Search code examples
powershellreplacecharacter

How to avoid newline character from getting replaced with "?" in PowerShell


I'm working on a config installer for a game. I want to make a menu for the user to choose from different colors for certain settings. To change those colors I use a PowerShell command in a batch file to find and replace the relevant text in a specific file.
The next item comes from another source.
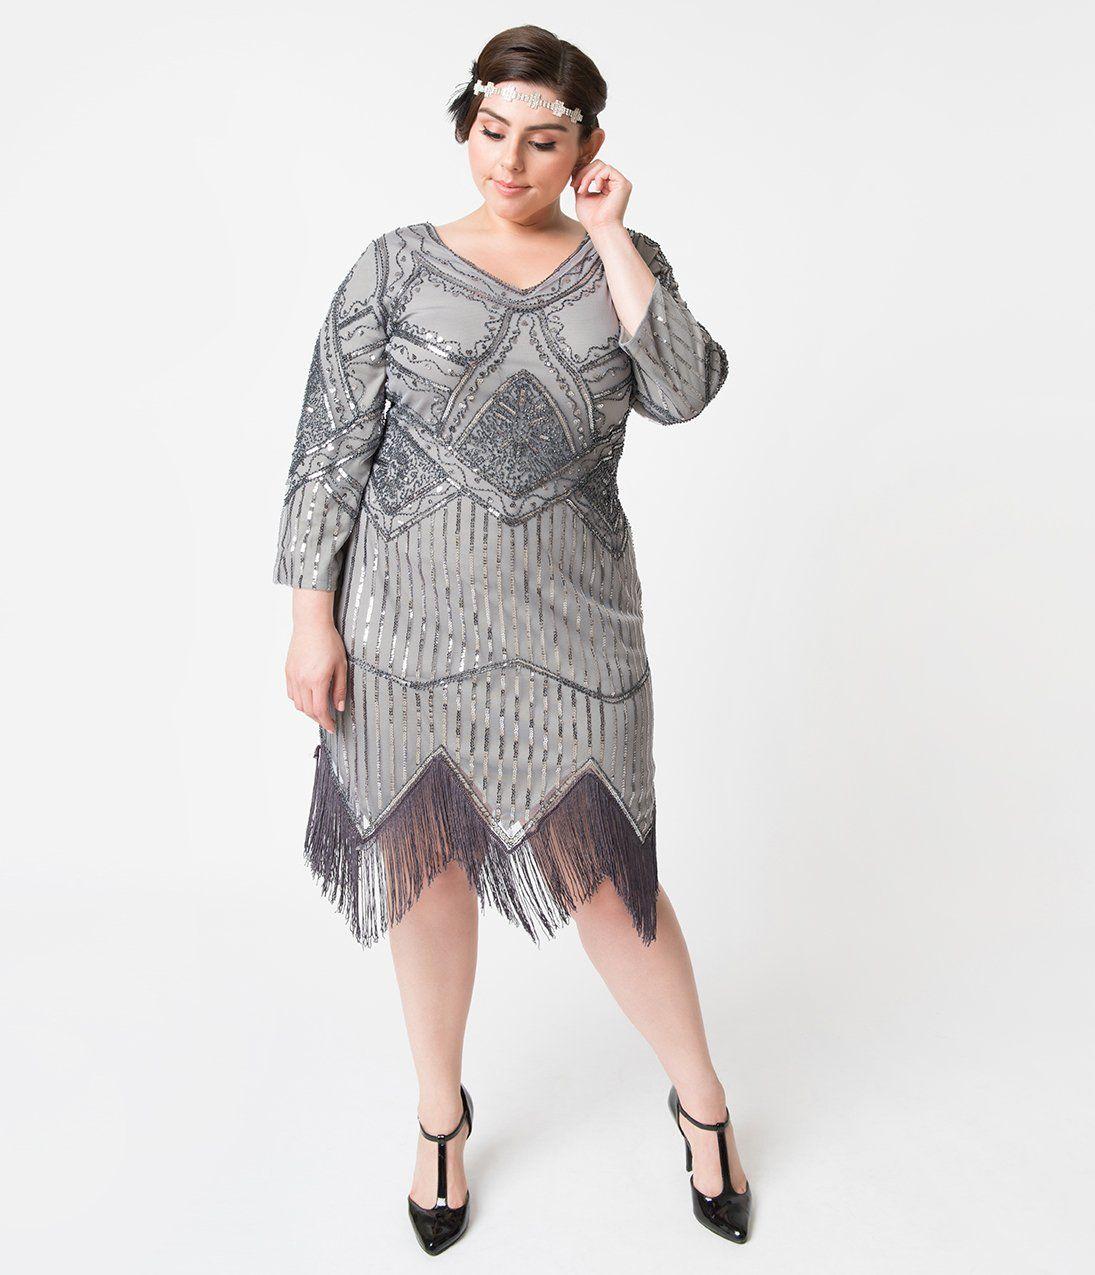 1920s Plus Size Flapper Dresses Gatsby Dresses Flapper Costumes Unique Vintage Plus Size 192 Plus Size Flapper Dress Plus Size Flapper Costume Unique Dresses [ 1275 x 1095 Pixel ]

There is no problem with that alone.

In the replacement process, PowerShell also replaces the newline character found in the config file with a "?". That is not intended and I want to avoid that.

The character that gets replaced with a "?" is the following:

I want to exclude that character from getting replaced in the process.

My code looks like that:

powershell -command "& {($p=gc "path.txt");(gc $p\GameConfig\SpecificFile.txt).replace('<col:Default>','<col:Green>') | sc $p\GameConfig\SpecificFile.txt}"

I have already tried to exclude the character like so:

powershell -command "& {($p=gc "path.txt");(gc $p\GameConfig\SpecificFile.txt).replace[↵]::escape('<col:Default>','<col:Green>') | sc $p\GameConfig\SpecificFile.txt}"

That didn't work.

I also tried to revert the replacement process of the newline character like so:

powershell -command "& {($p=gc "path.txt");(gc $p\GameConfig\SpecificFile.txt).replace('<col:Default>','<col:Green>') | sc $p\GameConfig\SpecificFile.txt}"
powershell -command "& {($p=gc "path.txt");(gc $p\GameConfig\SpecificFile.txt).replace('>?<','>↵<') | sc $p\GameConfig\SpecificFile.txt}" 

That didn't work either.

I really need some help. Thanks in advance!

Cheers


Solution

  • tl;dr

    Use the -Encoding parameter of Set-Content (whose built in alias is sc in Windows PowerShell) to specify a Unicode character encoding, to ensure that Unicode characters such as (DOWNWARDS ARROW WITH CORNER LEFTWARDS , U+21B5) are preserved; to use UTF-8 encoding, for instance, add -Encoding utf8:

    powershell -command "$p=gc path.txt; (gc -Encoding utf8 $p\GameConfig\SpecificFile.txt).Replace('<col:Default>','<col:Green>') | sc -Encoding utf8 $p\GameConfig\SpecificFile.txt"
    

    A streamlined reformulation that speeds up processing by reading the file as a whole rather than line by line, using Get-Content's -Raw switch as well as Set-Content's -NoNewLine switch:

    powershell -command "$p=(gc path.txt)+'\GameConfig\SpecificFile.txt'; (gc -Raw -Encoding utf8 $p).Replace('<col:Default>','<col:Green>') | sc -Encoding utf8 -NoNewLine $p"
    

    To instead use UTF-16LE ("Unicode") encoding, use -Encoding Unicode (sic).

    Note:

    • In Window PowerShell, the legacy, ships-with-Windows Windows-only PowerShell edition you're using, this invariably creates a UTF-8 file with a BOM.

      • If that is undesired, you need a workaround - see this answer.

      • Note that if / once your input files are BOM-less UTF-8 files, you also need to use -Encoding utf8 for reading them properly with Get-Content (whose built-in alias is gc), as used in the command above; without that, the file would be misinterpreted as ANSI-encoded in Windows PowerShell (see next point).

    • By default, Windows PowerShell's Set-Content cmdlet uses ANSI encoding, i.e. the fixed-width 8-bit character encoding associated with your system's legacy system locale (aka language for non-Unicode programs), such as Windows-1252 on US-English systems.

      • Trying to save a Unicode character such as that cannot be represented in such an encoding results in an (ASCII-range) ? character getting saved instead, which is what you saw.

      • Note that the PowerShell (Core) 7+ edition now fortunately consistently defaults to (BOM-less) UTF8.

    • Generally, note that PowerShell's pipelines are not raw byte conduits: text file contents as well as output from external programs are invariably decoded into .NET strings before further processing, so that a Get-Content ... | Set-Content ... pipeline never preserves the original character encoding and instead uses Set-Content's default encoding on writing (unless the -Encoding parameter is used); see this answer for background information.